■ Brief ■
From top to bottom, retype the data exactly, passing over any picture.

--- Given material Enclosed Below ---

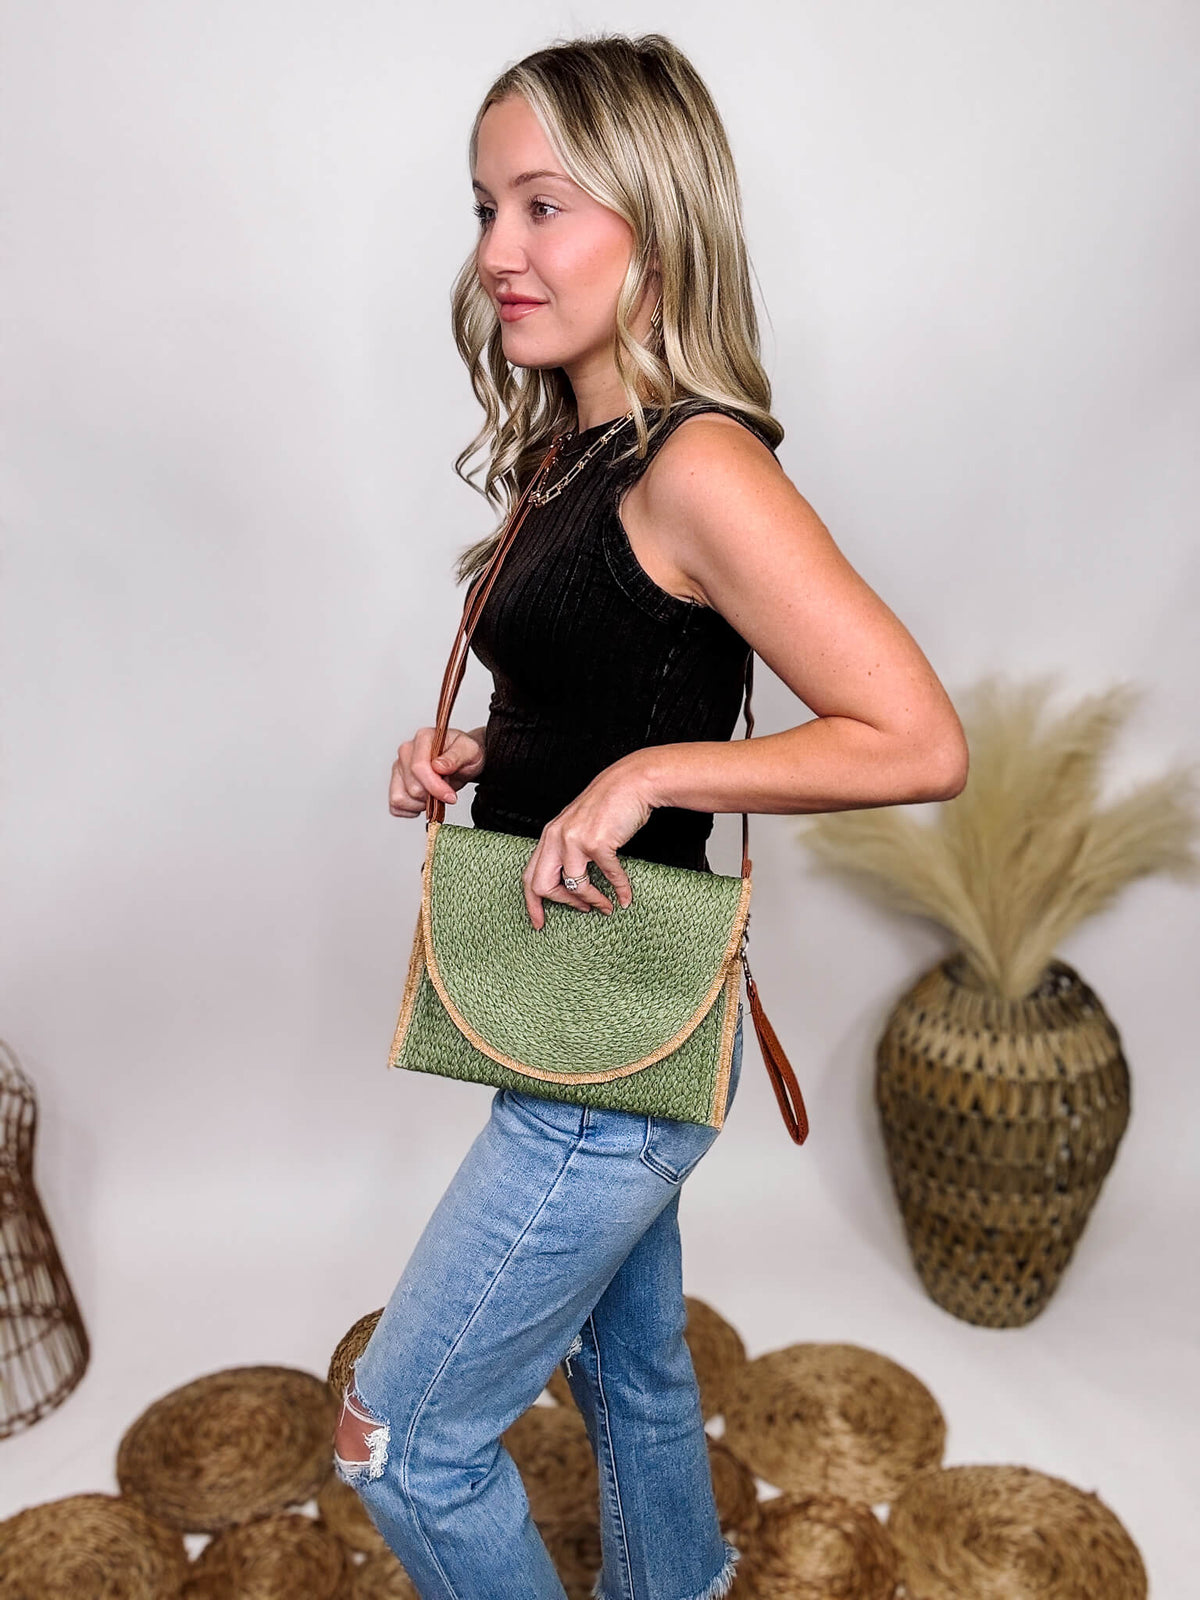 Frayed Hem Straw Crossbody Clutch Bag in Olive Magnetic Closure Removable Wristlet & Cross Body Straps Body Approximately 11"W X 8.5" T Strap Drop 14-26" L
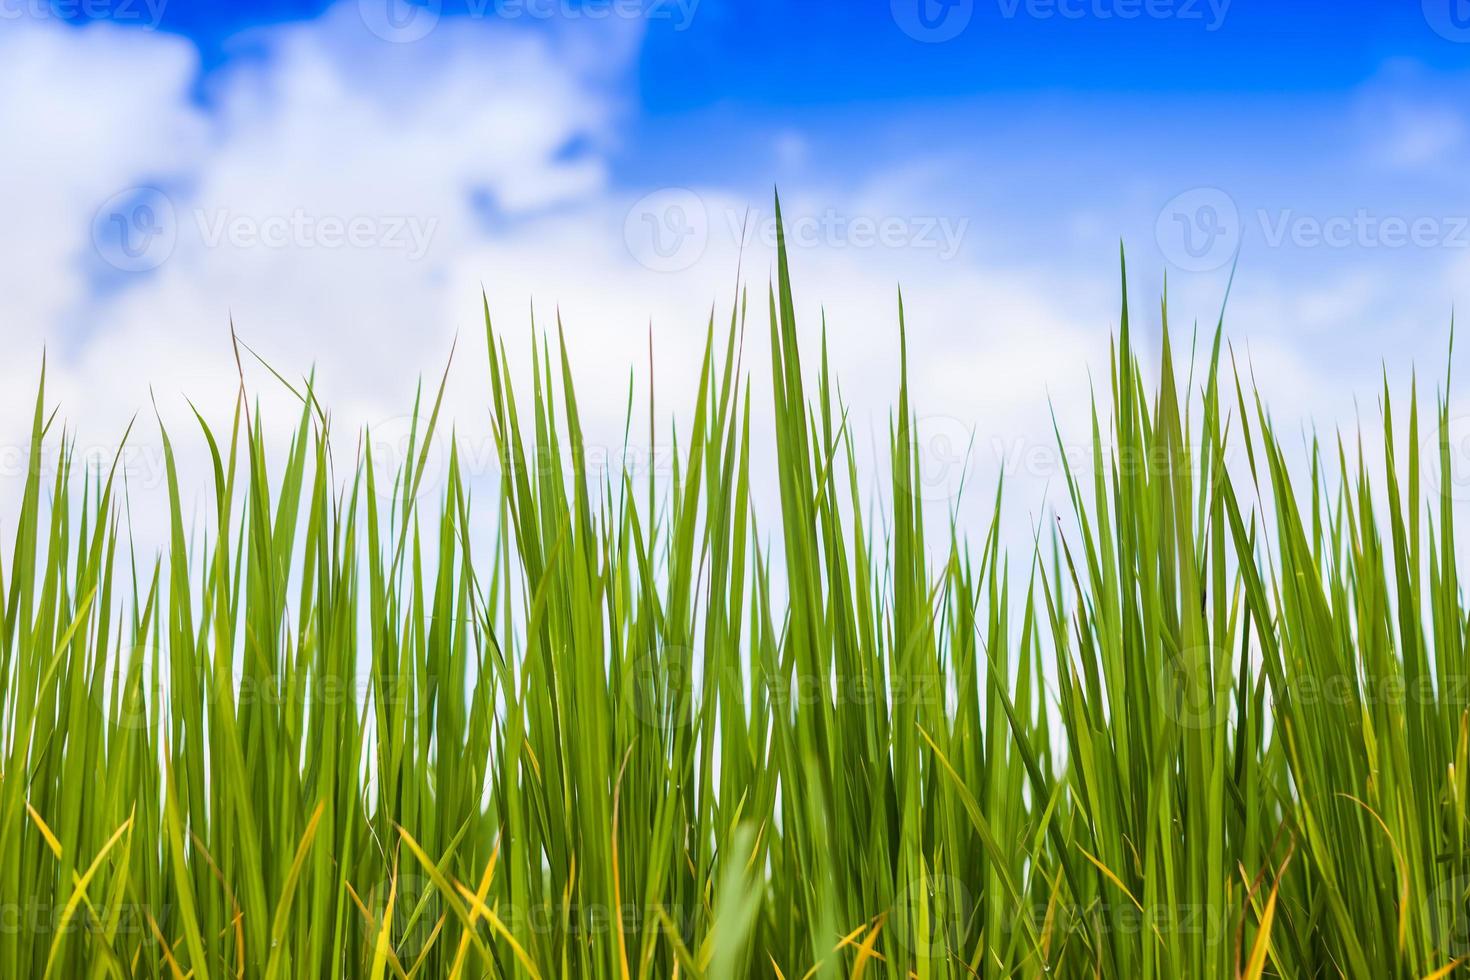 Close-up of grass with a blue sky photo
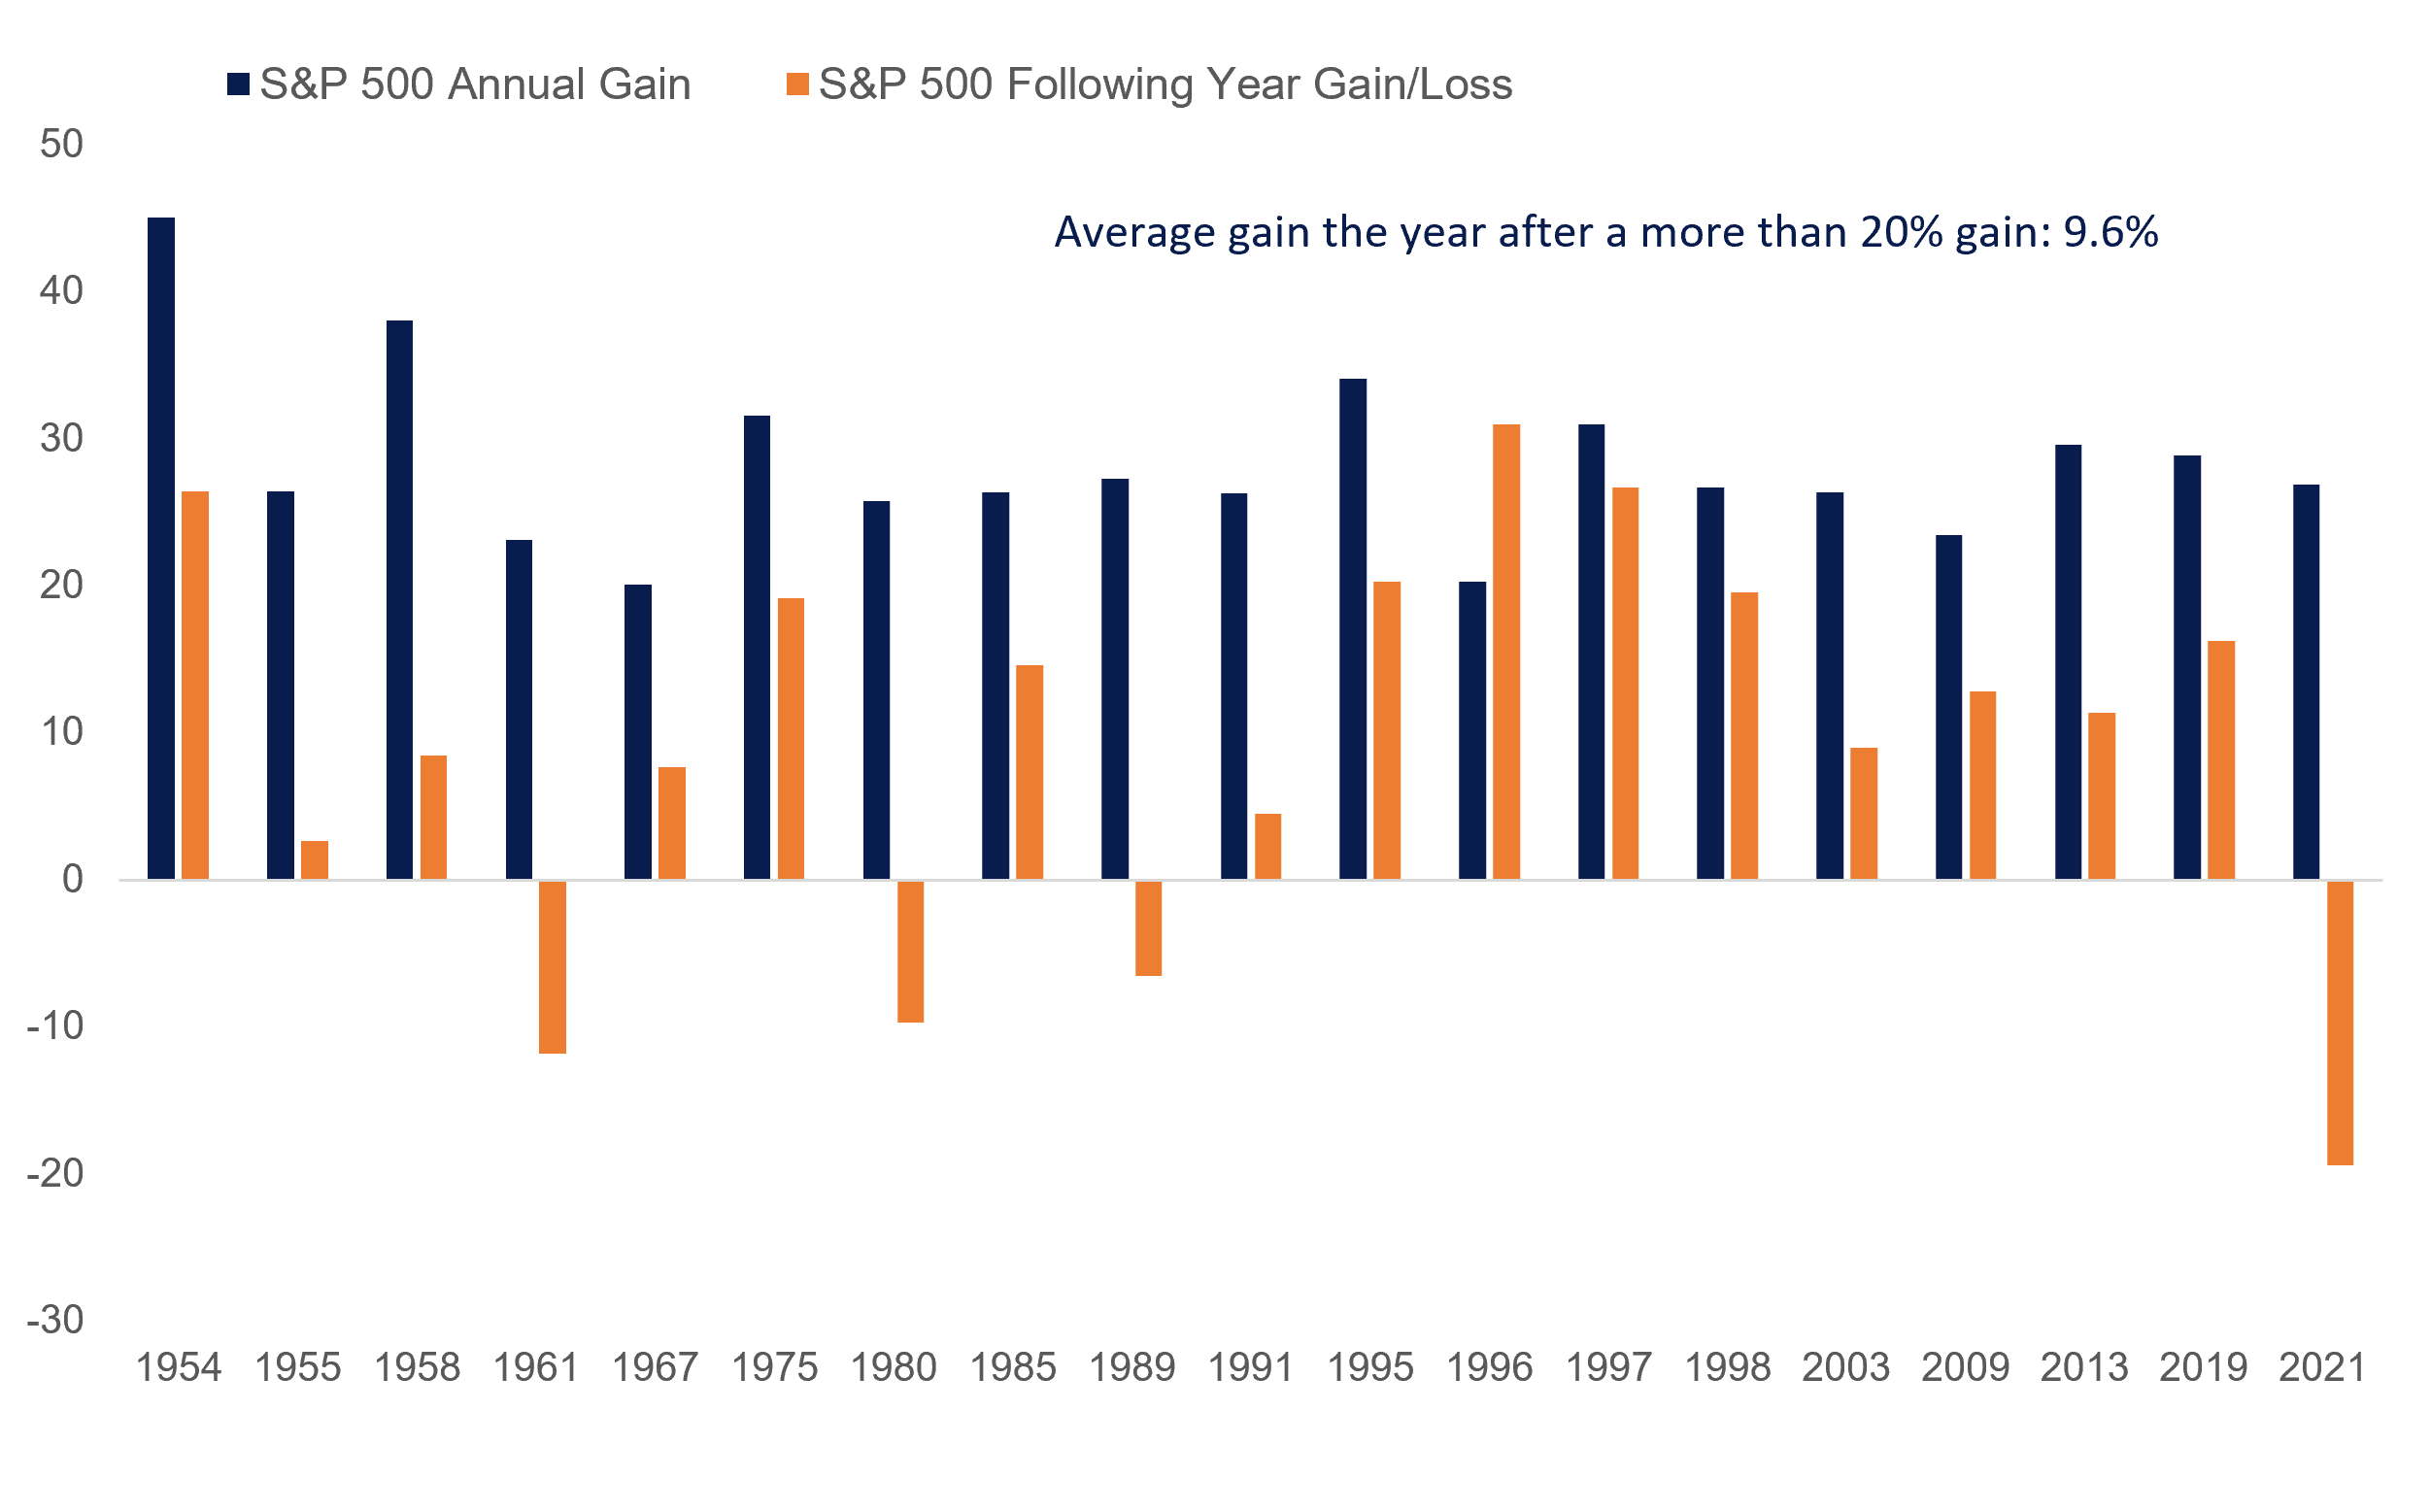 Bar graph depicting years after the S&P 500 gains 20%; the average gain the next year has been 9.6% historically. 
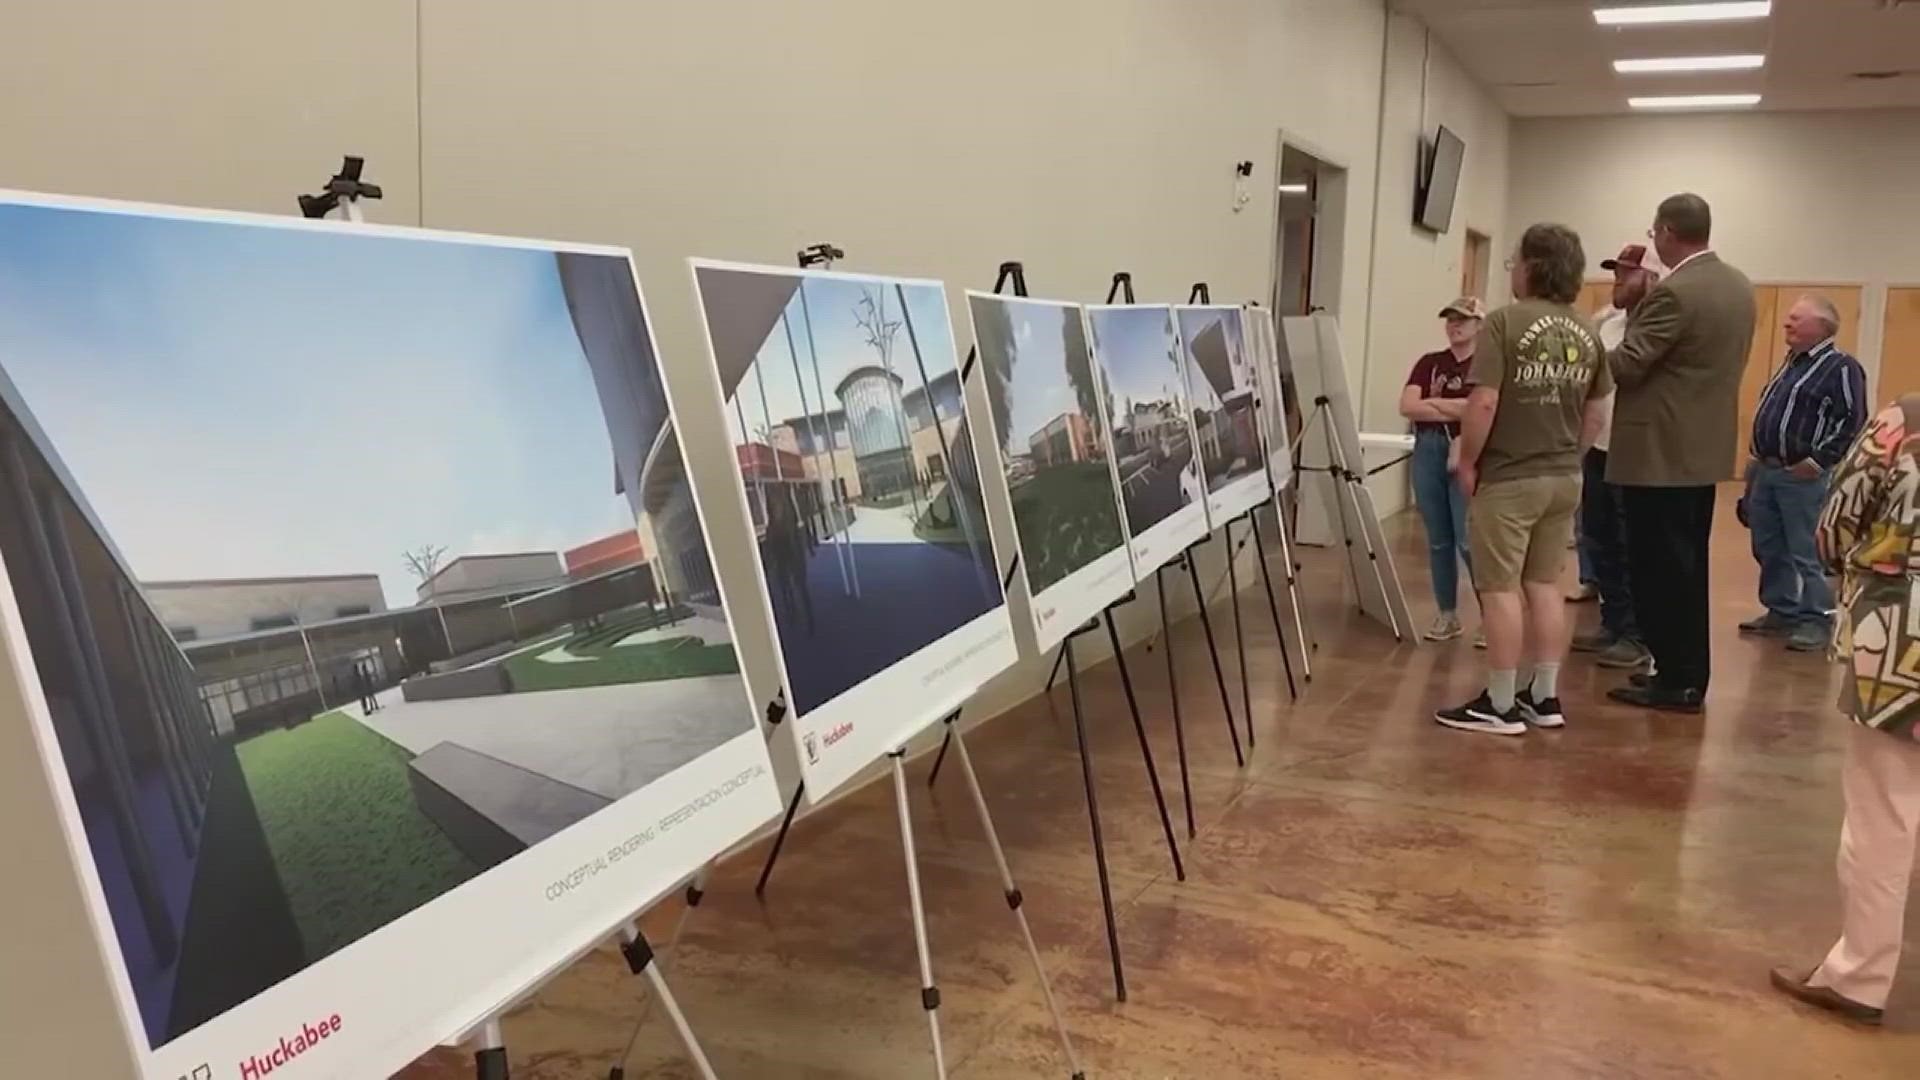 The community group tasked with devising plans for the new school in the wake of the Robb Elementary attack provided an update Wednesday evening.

--- End of Enclosed Given material ---

■ Exercise result ■
 Frayed Hem Straw Crossbody Clutch Bag in Olive Magnetic Closure Removable Wristlet & Cross Body Straps Body Approximately 11"W X 8.5" T Strap Drop 14-26" L
 Close-up of grass with a blue sky photo
 Bar graph depicting years after the S&P 500 gains 20%; the average gain the next year has been 9.6% historically. 
 The community group tasked with devising plans for the new school in the wake of the Robb Elementary attack provided an update Wednesday evening.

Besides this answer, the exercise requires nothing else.